"Racist" Buddhist monks hope for "ethnically clean" Tibet?
6 comments
Comment from: Roy-Arne Varsi
@ roy-arne varsi
functionalistic only as an attempt to demonstrate a nationalistic faction of buddhists? it begs the question, why go through the trouble?
im not sure marranci set out to crush the notion that buddhists are an all omni-philanthropic group, so much as to detail cases contradicting the idea since such events get very little to no coverage.

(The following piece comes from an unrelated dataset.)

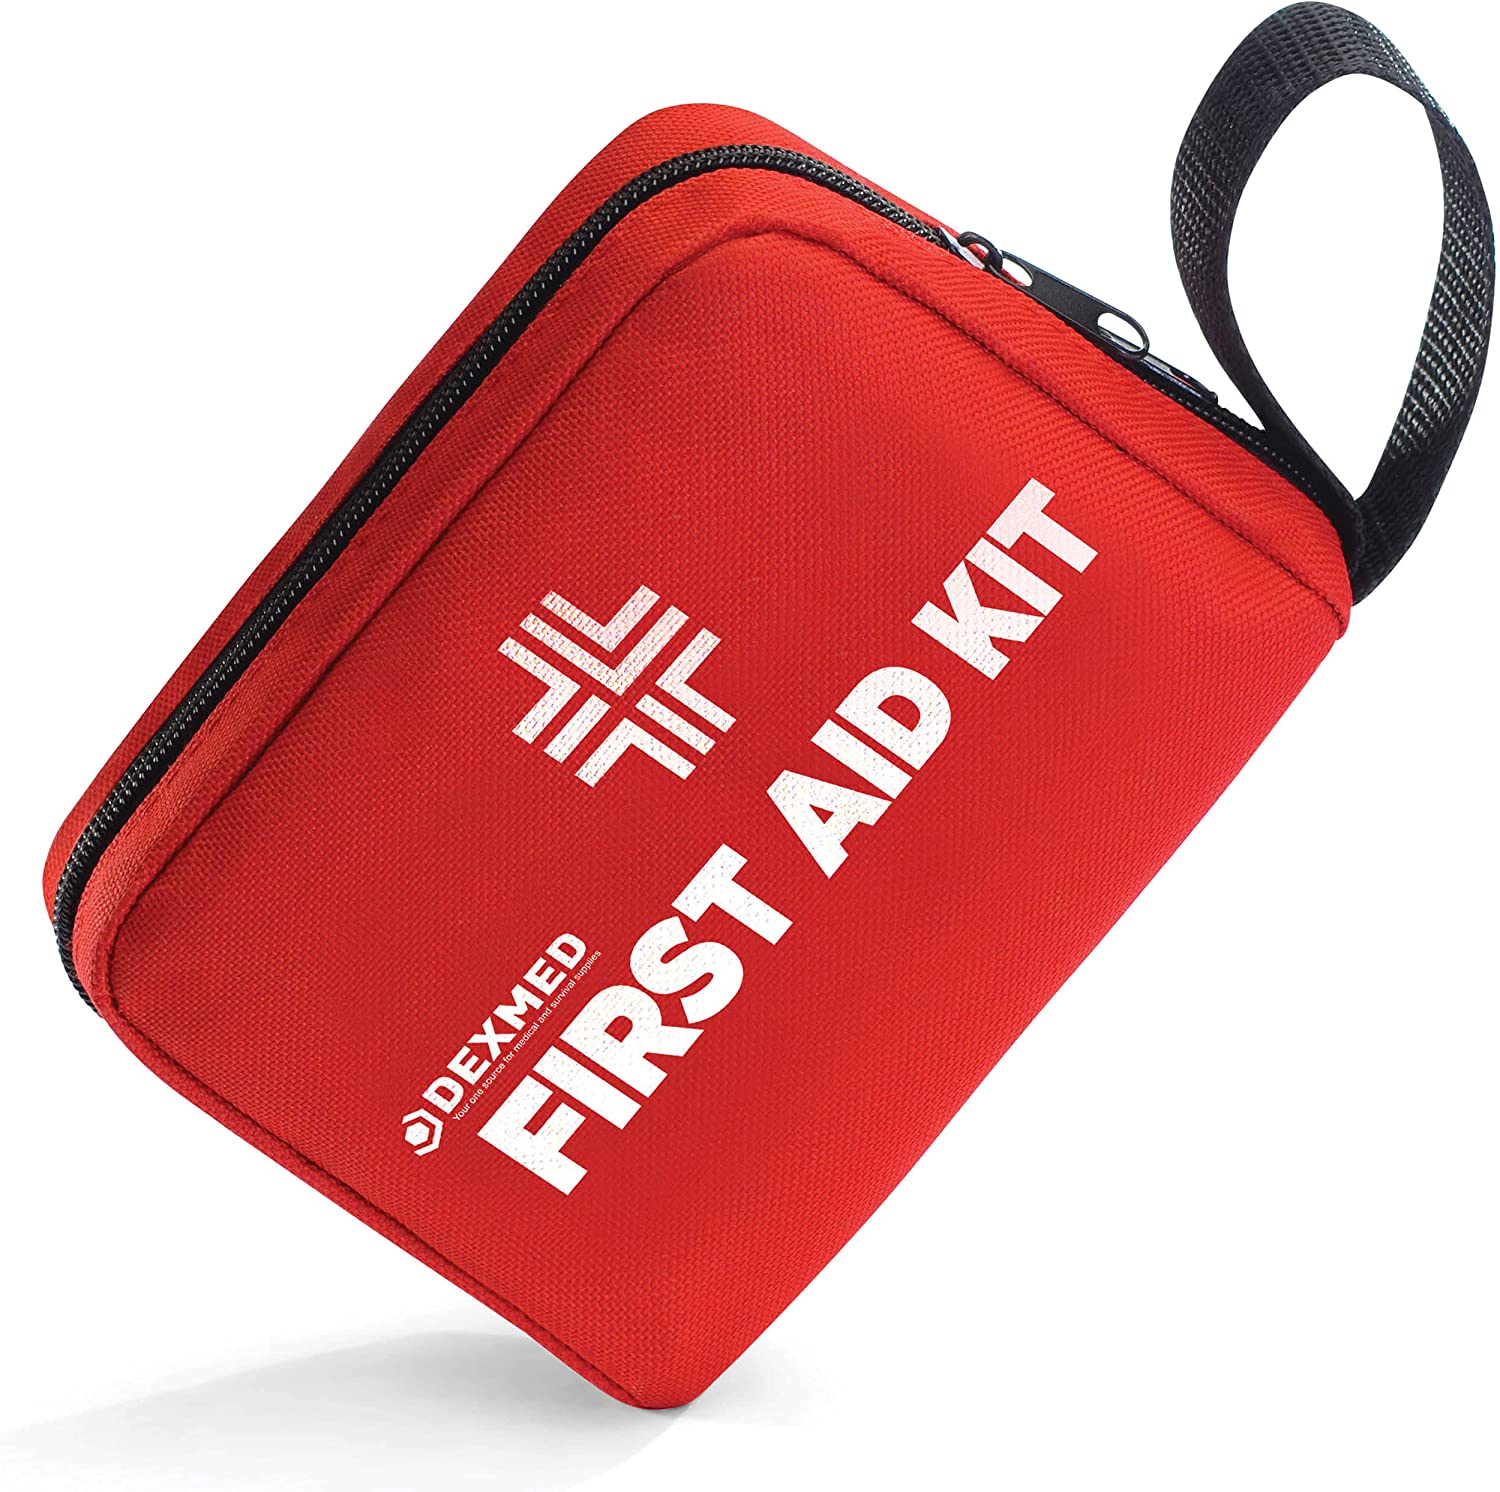 Dexmed Small First Aid Kit with Professional Medical Supplies and Survival Equipment – Lightweight, Waterproof, and Compact Medical Kit for Home, Travel, Camping, Hiking, Car, Office

to the idea that buddhists can be vicious to the philanthropic concepts of ethics is hardly shocking to me as buddhists are still homo-sapien sapiens
Comment from: Yak Herder
This really isn’t a good piece, and certainly isn’t ‘anthropology’ as I would recognise it (apparently he’s in a theology department). As far as I can tell from Doc Marranci’s blog, he’s never been to Tibet (despite his endless trumpeting of his ‘method’) and has only read one article on the topic, whose conclusions look rather different from the way Marranci portrays them. So I wonder if he’s really an academic. While there certainly were anti-Hui attacks in the March protests, there is no evidence whatsoever that they were instigated by the monks or the Dalai Lama, which is just Beijing-inspired fantasy. This is about economic competition, not religious ethnic cleansing.

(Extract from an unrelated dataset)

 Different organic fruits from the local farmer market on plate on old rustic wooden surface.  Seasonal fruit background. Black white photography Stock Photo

Also, Marranci does a fine job of self-aggrandising himself as the only person (apart from Fischer) who knows about this, when it’s actually long documented by a variety of Tibet anthropologists, just ones who actually read some books rather than spending all their time looking at press cuttings. Read the original Fischer article, not Marranci’s histrionic persecution polemics.
Comment from: lorenz
Marranci is an anthropologist and as you can read on the about-page he has specialised in studying muslim communities and the anthropology of Islam. He criticizes the mainstream media coverage and yes, he is not the only one. I’ve read several related pieces recently actually, mostly not written by journalists, but by academics. Marrancis’ posts are generally well researched
Comment from: selim karlitekin
London Review of Books have some open letters in response to zizek’s move
Comment from: heartfortibet
Yak Herder sounds like Free Tibet Campaigner-AHA. This guy is in denial about Tibet and Tibetans-big time! If that is you pal, how can you claim you are an expert when you only went to Tibet for a short trip in the 1990’s? You certainly know how to talk the talk, but did you ever really walk the walk? Leave Marranci alone and get back to your lost campaign! People in Tibet don’t benefit from your campaign, so get real. Marranci is only stating the truth-hurts so bad, doesn’t it?
First of all it seems like he is treating all the tibetans as a homogenous group which they are not. My second thought is that he to easily explain the attack on the muslim store and family with ethno-nationalism. It is to much functionalistic in my ears.